Codeforces Round 992 (Div. 2)
Codeforces Round 992 (Div. 2)
A. Game of Division
题目描述
You are given an array of integers $ a_1, a_2, \ldots, a_n $ of length $ n $ and an integer $ k $ .
Two players are playing a game. The first player chooses an index $ 1 \le i \le n $ . Then the second player chooses a different index $ 1 \le j \le n, i \neq j $ . The first player wins if $ |a_i - a_j| $ is not divisible by $ k $ . Otherwise, the second player wins.
We play as the first player. Determine whether it is possible to win, and if so, which index $ i $ should be chosen.
The absolute value of a number $ x $ is denoted by $ |x| $ and is equal to $ x $ if $ x \ge 0 $ , and $ -x $ otherwise.
分析
只要存在一个数使得first player能赢,则一定能赢,遍历所有可能,复杂度O(n^2t)
Code
#include<bits/stdc++.h>
using namespace std;
#define f(i,a,b) for(int i=a;i<=b;i++)
const int N=105;
int a[N];
int main(){
//freopen("in.in","r",stdin);
//freopen("out.out","w",stdout);
int T;
scanf("%d",&T);
while(T--){
int n,k;
scanf("%d%d",&n,&k);
f(i,1,n)
scanf("%d",&a[i]);
bool findans=0;
int index;
f(i,1,n){
bool flag=1;
f(j,1,n){
if(i==j)
continue;
if(abs(a[i]-a[j])%k==0){
flag=0;
break;
}
}
if(flag){
index=i;
findans=1;
break;
}
}
if(findans)
printf("YES\n%d\n",index);
else
printf("NO\n");
}
return 0;
}
B. Paint a Strip
题目描述
You have an array of zeros $ a_1, a_2, \ldots, a_n $ of length $ n $ .
You can perform two types of operations on it:
- Choose an index $ i $ such that $ 1 \le i \le n $ and $ a_i = 0 $ , and assign $ 1 $ to $ a_i $ ;
- Choose a pair of indices $ l $ and $ r $ such that $ 1 \le l \le r \le n $ , $ a_l = 1 $ , $ a_r = 1 $ , $ a_l + \ldots + a_r \ge \lceil\frac{r - l + 1}{2}\rceil $ , and assign $ 1 $ to $ a_i $ for all $ l \le i \le r $ .
What is the minimum number of operations of the first type needed to make all elements of the array equal to one?
输入格式
Each test contains multiple test cases.

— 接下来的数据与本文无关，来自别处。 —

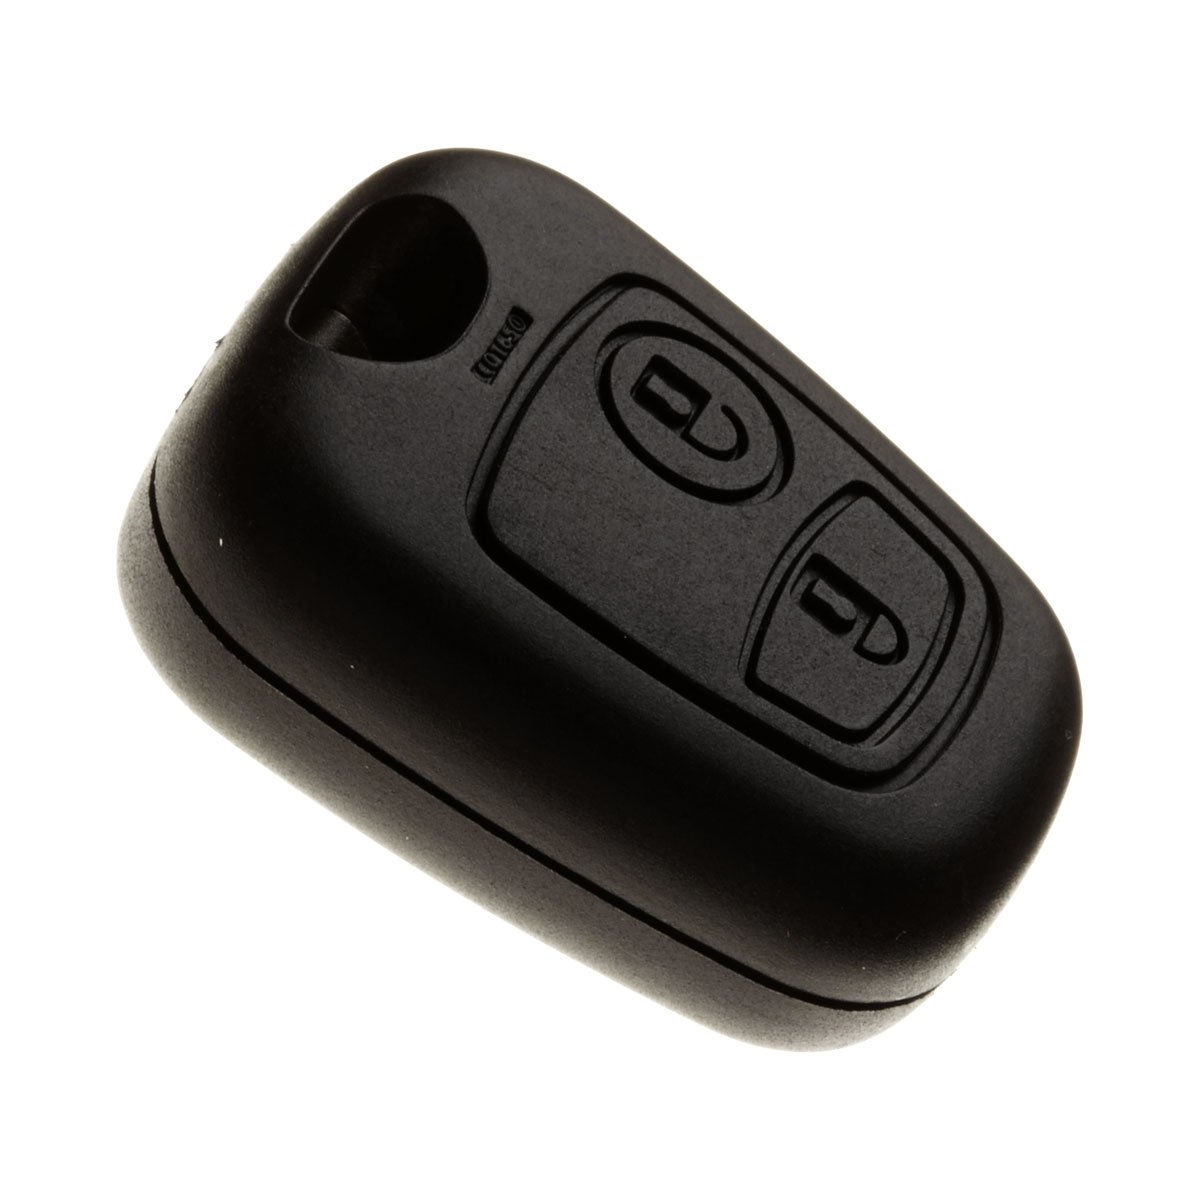 JONGO - Autoschlüssel-Gehäuse ohne Schlüsselblatt kompatibel mit Citroën Saxo, Xsara Picasso et Berlingo | Plip Fernbedienung Funkschlüssel Nutzfahrzeug 2-Tasten Transponderschlüssel von JONGO

The first line contains the number of test cases $ t $ ( $ 1 \le t \le 10^4 $ ). The description of the test cases follows.
The only line of each test case contains one integer $ n $ ( $ 1 \le n \le 10^5 $ ) — the length of the array.
Note that there is no limit on the sum of $ n $ over all test cases.
输出格式
For each test case, print one integer — the minimum number of needed operations of first type.
样例 #1
样例输入 #1
4
1
2
4
20
样例输出 #1
1
2
2
4
提示
In the first test case, you can perform an operation of the $ 1 $ st type with $ i = 1 $ .
In the second test case, you can perform the following sequence of operations:
- Operation of $ 1 $ st type, $ i = 1 $ . After performing this operation, the array will look like this: $ [1, 0] $ .
- Operation of $ 1 $ st type, $ i = 2 $ . After performing this operation, the array will look like this: $ [1, 1] $ .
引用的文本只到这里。